Task to complete:
Please write out only the lines from the line with "Bonoloto: comprobar hoy, viernes" to the line with "Pared verde, ecológico", inclusive, exactly as they stand below, without the pictures.

Data supplied:
++++++

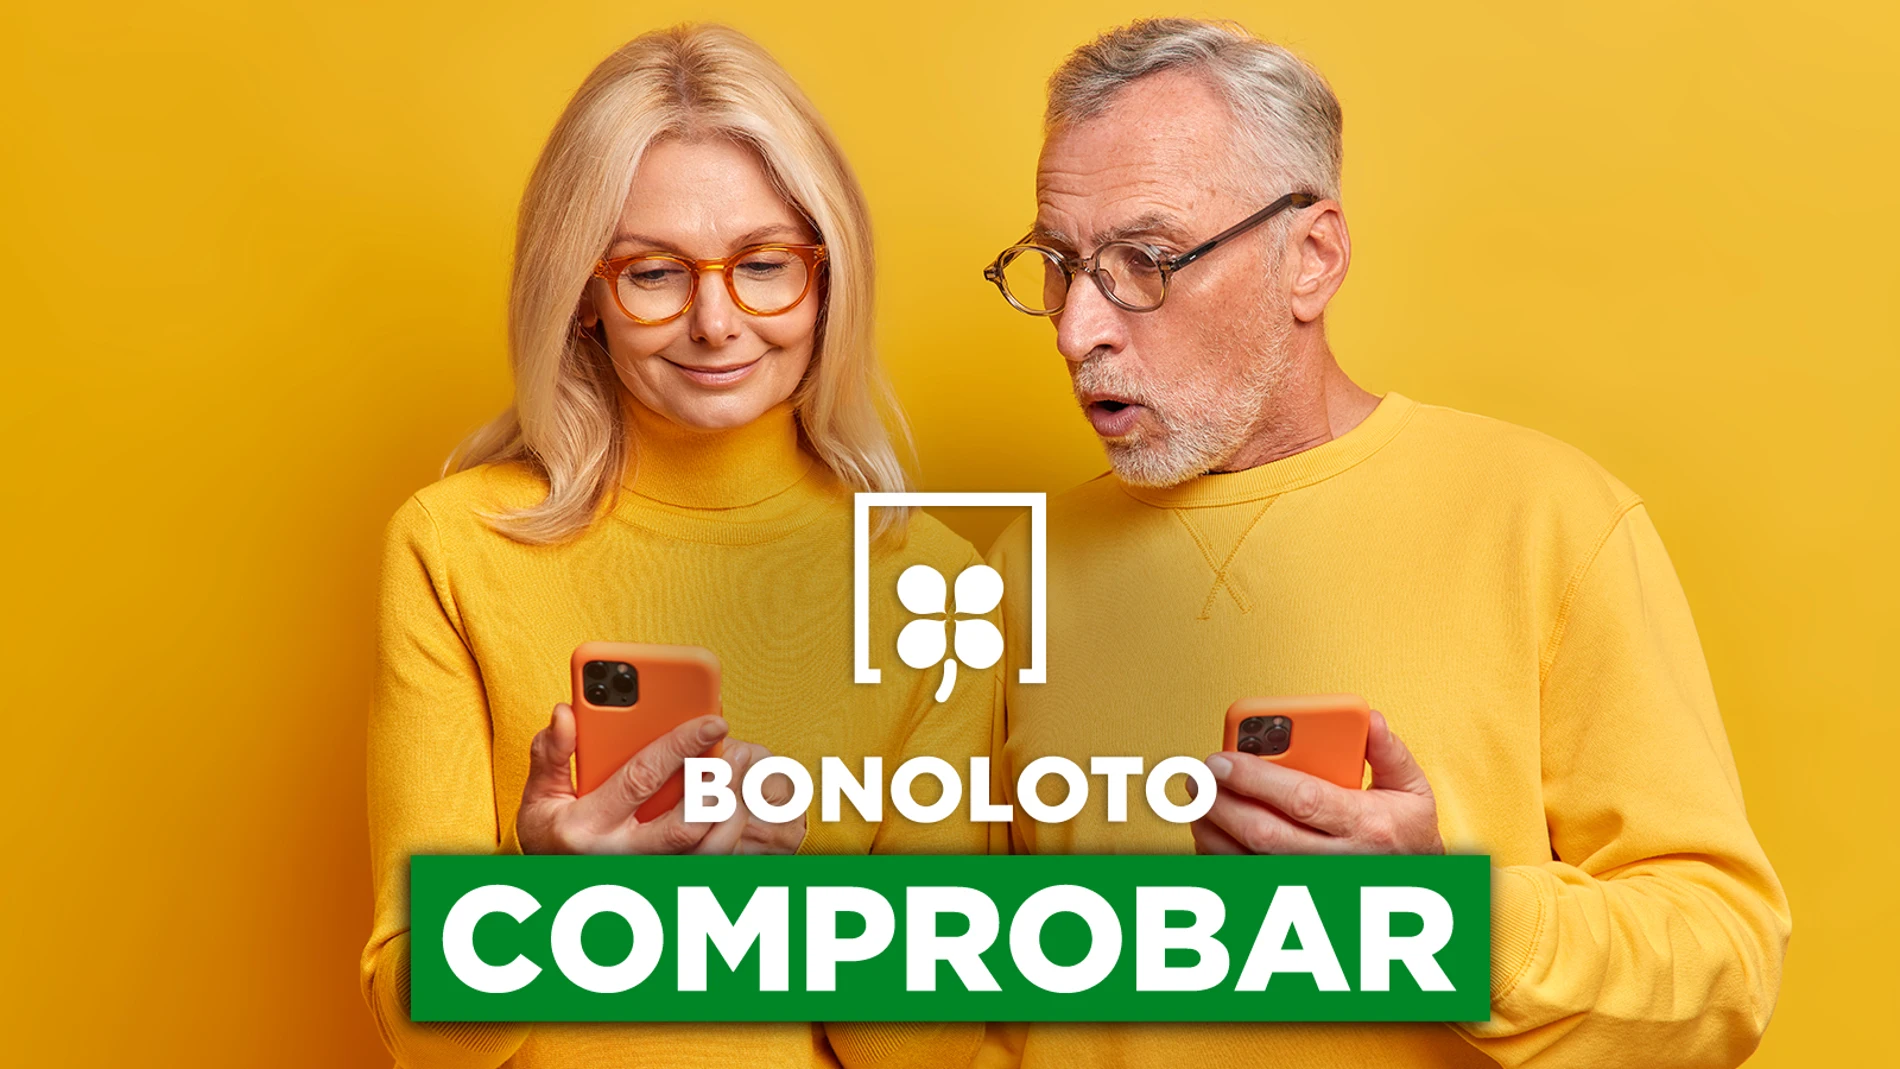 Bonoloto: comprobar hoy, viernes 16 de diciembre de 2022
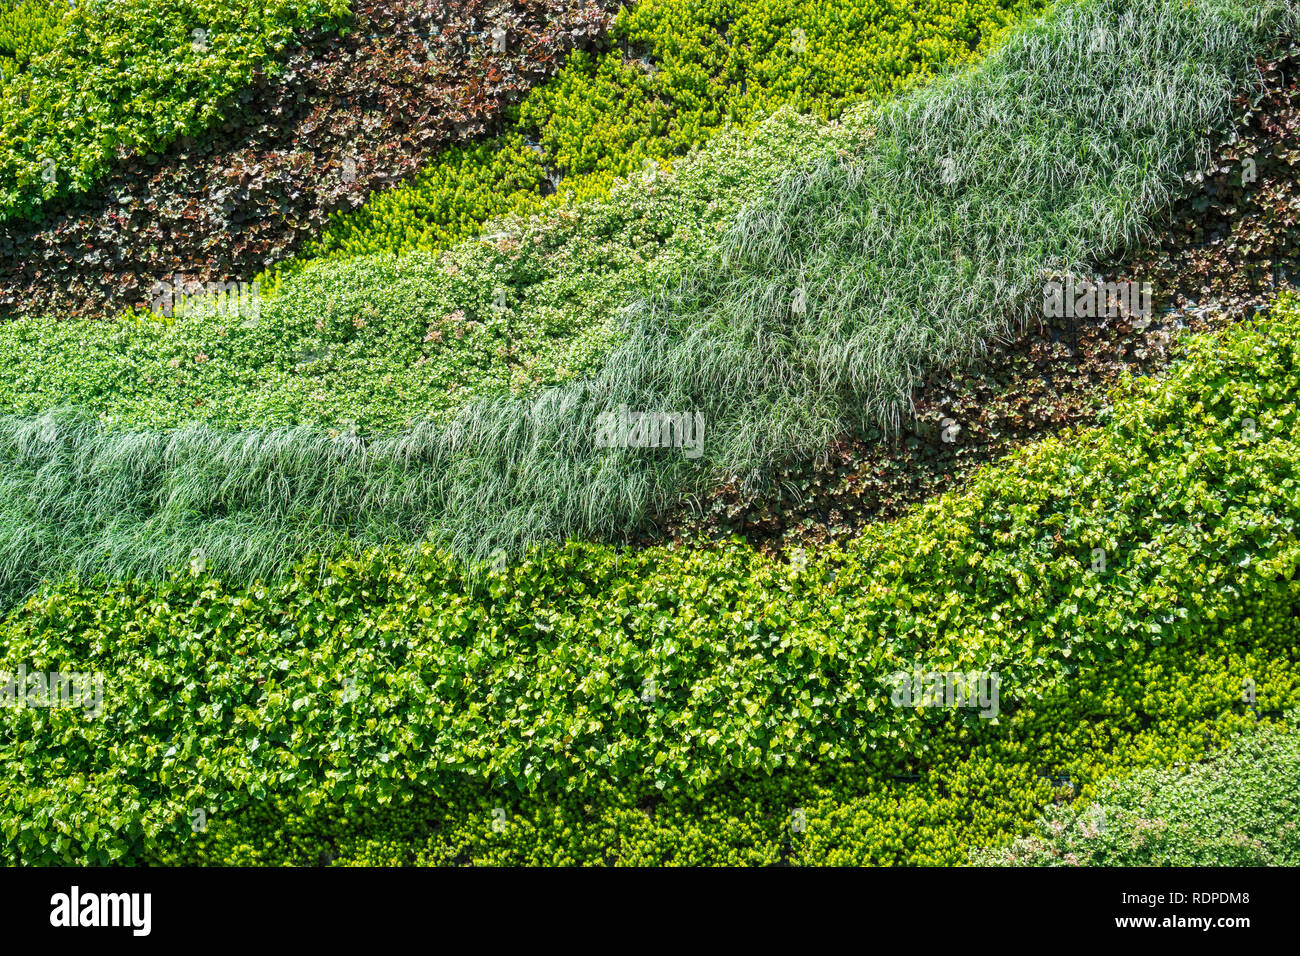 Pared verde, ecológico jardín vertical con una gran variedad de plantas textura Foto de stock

++++++

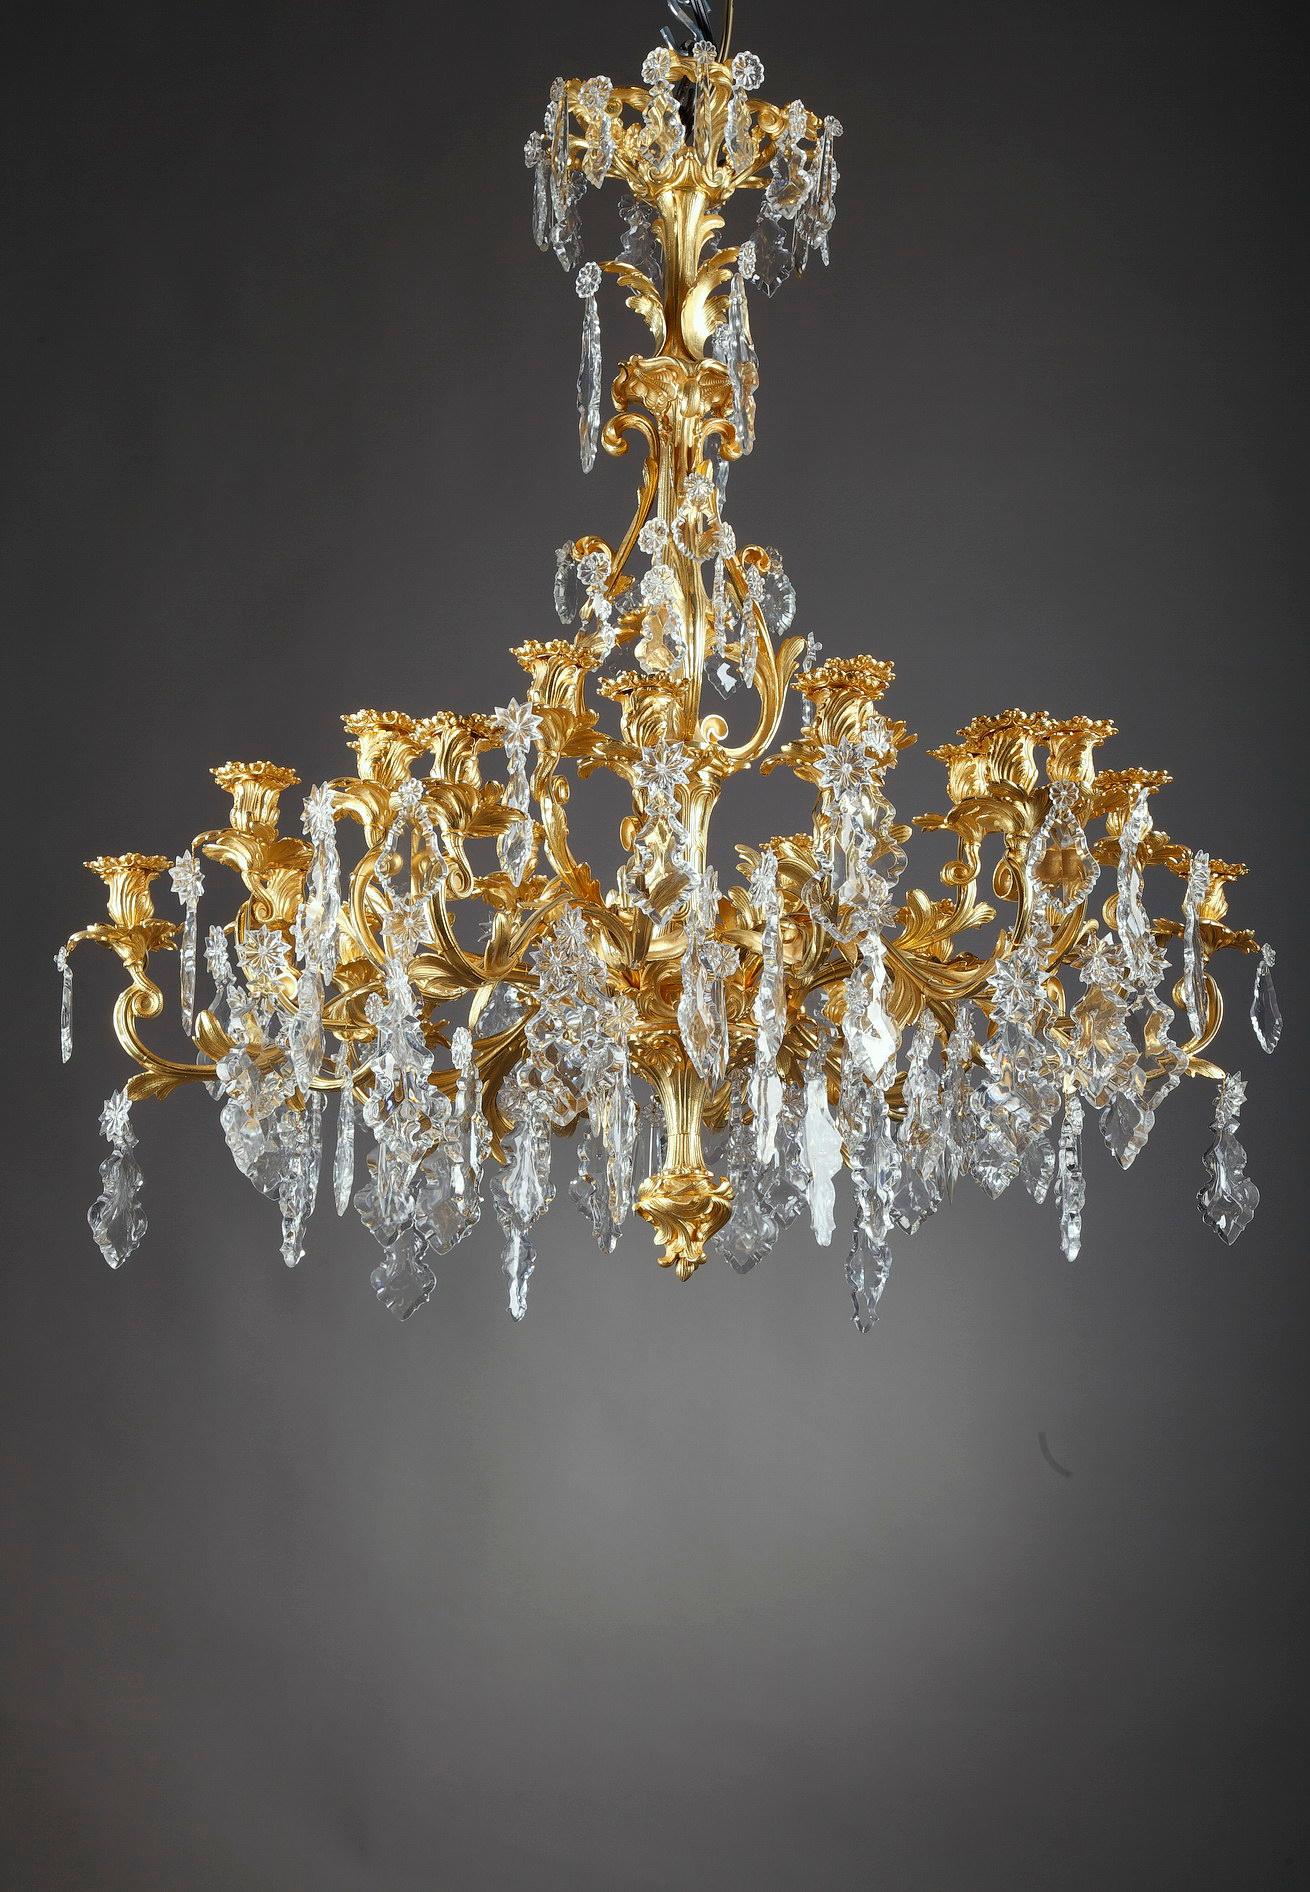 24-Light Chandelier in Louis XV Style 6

++++++

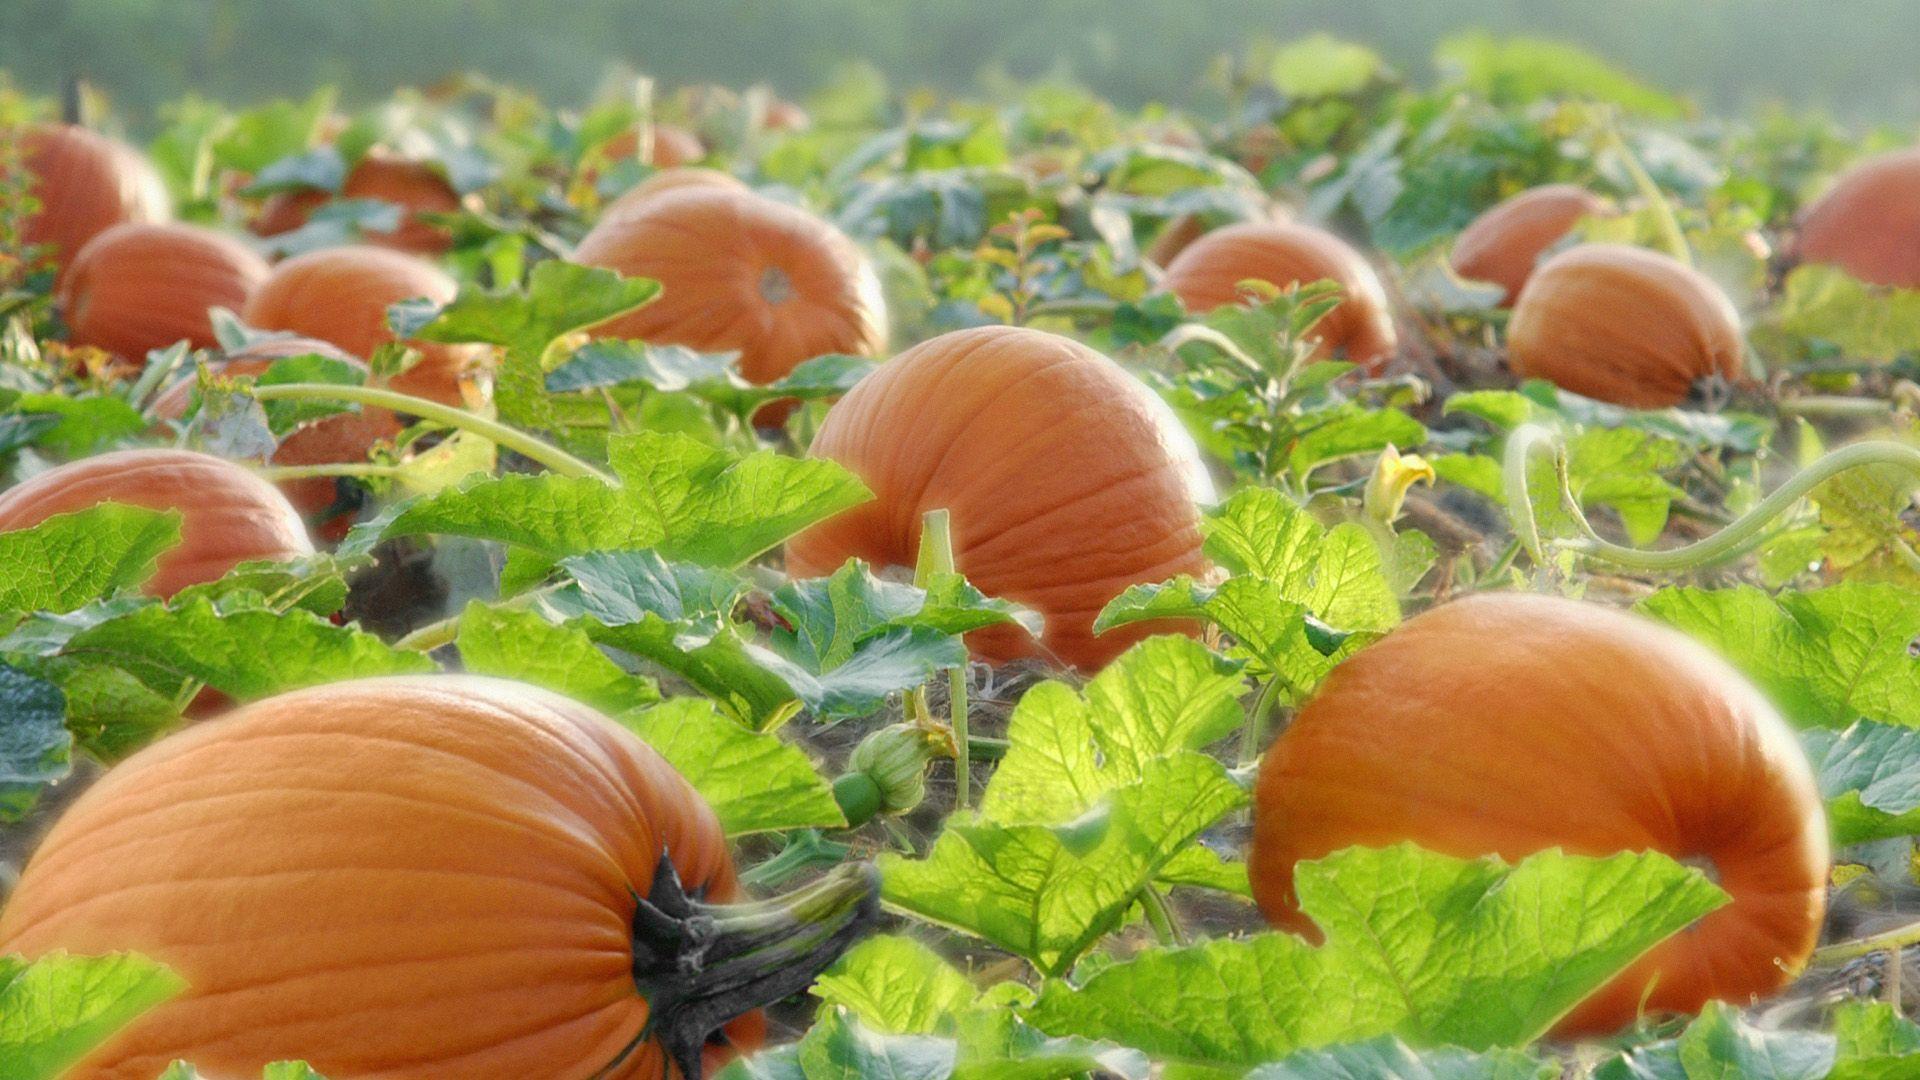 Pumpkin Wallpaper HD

++++++

Result of the task:
 Bonoloto: comprobar hoy, viernes 16 de diciembre de 2022
 Pared verde, ecológico jardín vertical con una gran variedad de plantas textura Foto de stock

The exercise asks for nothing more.